What parents need to know about the tax consequences of their child’s income

Mayank, a 12-year-old, has made history by becoming the youngest child to win ₹1 crore on the ‘Kaun Banega Crorepati 15’ during its ‘KBC Juniors Week.’ With talented kids like Mayank winning prize money in contests and shows, questions arise regarding the taxation of their income. The same concerns apply to other sources of income for minors. So, how exactly is the income of a minor taxed?
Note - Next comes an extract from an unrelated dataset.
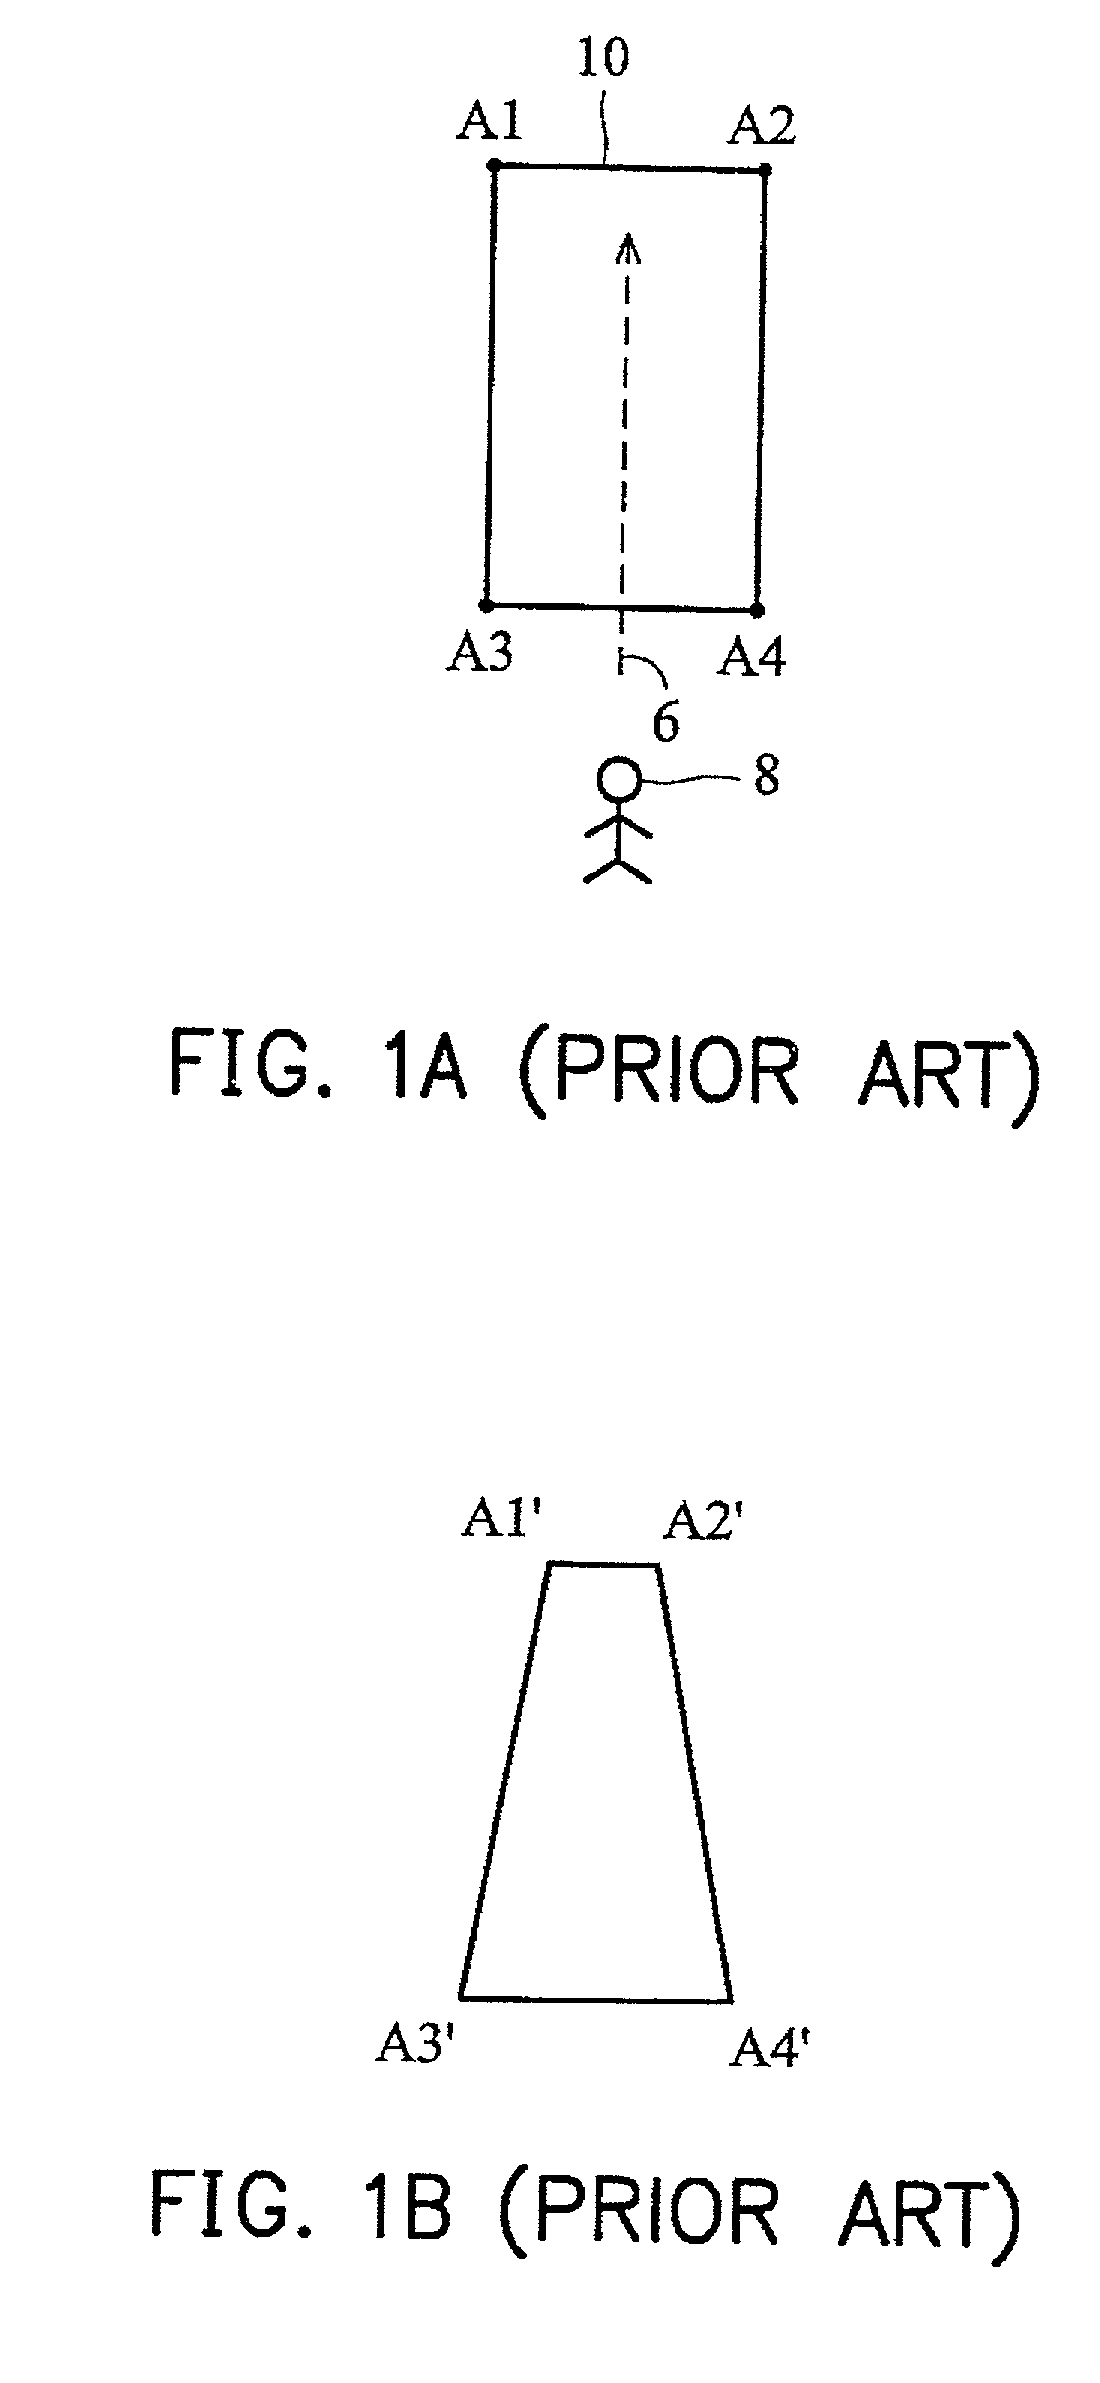 Method of correcting an image with perspective distortion and producing an artificial image with perspective distortion

According to Abhishek Soni, the CEO of Tax2Win.in, minors are required to pay tax on their income at a flat rate of 30% on a gross basis, as per section 115BB of the Act. Additionally, there is a health and education cess of 4% on the basic tax liability. Income earned by a minor child from activities involving their skills, talent, or specialized knowledge is generally subject to taxation. The entity that disbursed this income would have already deducted tax from the prize money at the flat rate of 30%, plus health and education cess of 4%. Moreover, no tax deduction or exemption is allowed against this type of income for minors.
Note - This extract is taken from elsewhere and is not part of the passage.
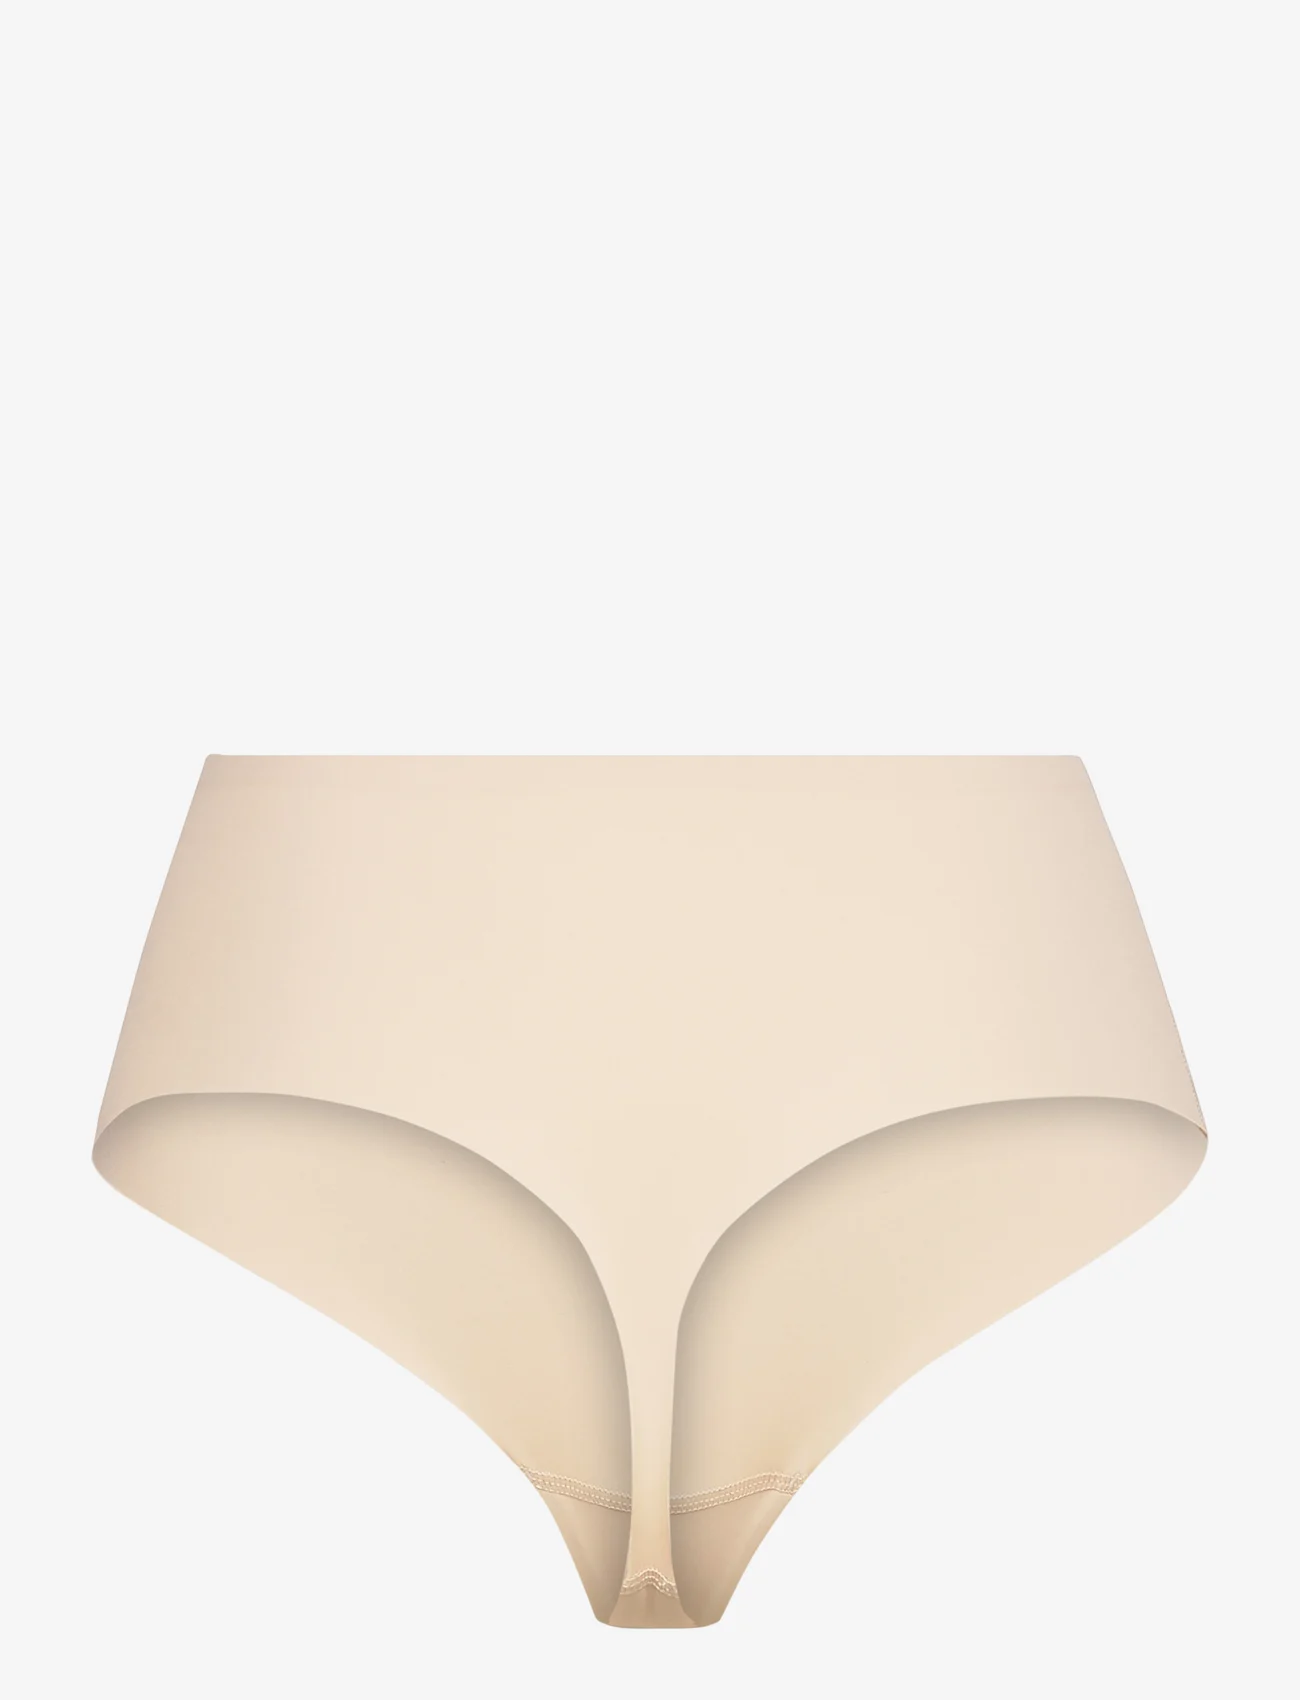 Esprit Bodywear Women - Made of recycled material: shaping-effect thong - majtki bezszwowe - dusty nude - 1

When it comes to distinguishing between ‘earned’ and ‘unearned’ income, earned income refers to the money a minor earns through manual work or by applying their skills, talents, specialized knowledge, or experience. On the other hand, unearned income includes funds received as gifts or interest accrued from savings accounts or investments in the minor’s name facilitated by parents. According to section 64(1A) of the Income Tax Act, any such income received by a minor is included in the parent’s income, known as “clubbing of income.”

The Income Tax Act provides tax exemption on income up to ₹1,500 per child, with a maximum of two minor children. If the minor’s income exceeds ₹1,500 annually, it will be clubbed with the higher-earning parent’s income for tax purposes, but a tax exemption of ₹1,500 per child per year, up to a maximum of two children, is available to parents.

When it comes to investing in mutual funds or equities in the name of a minor, there are no restrictions. However, the process usually requires offline procedures, and the income from any such investment falls under the category of unearned income and is taxed accordingly.

In summary, if a minor generates income from competitions, performances, or personal business, it qualifies as earned income, separate from the parent’s or guardian’s earnings. The minor must file an income tax return and obtain a PAN card for this purpose.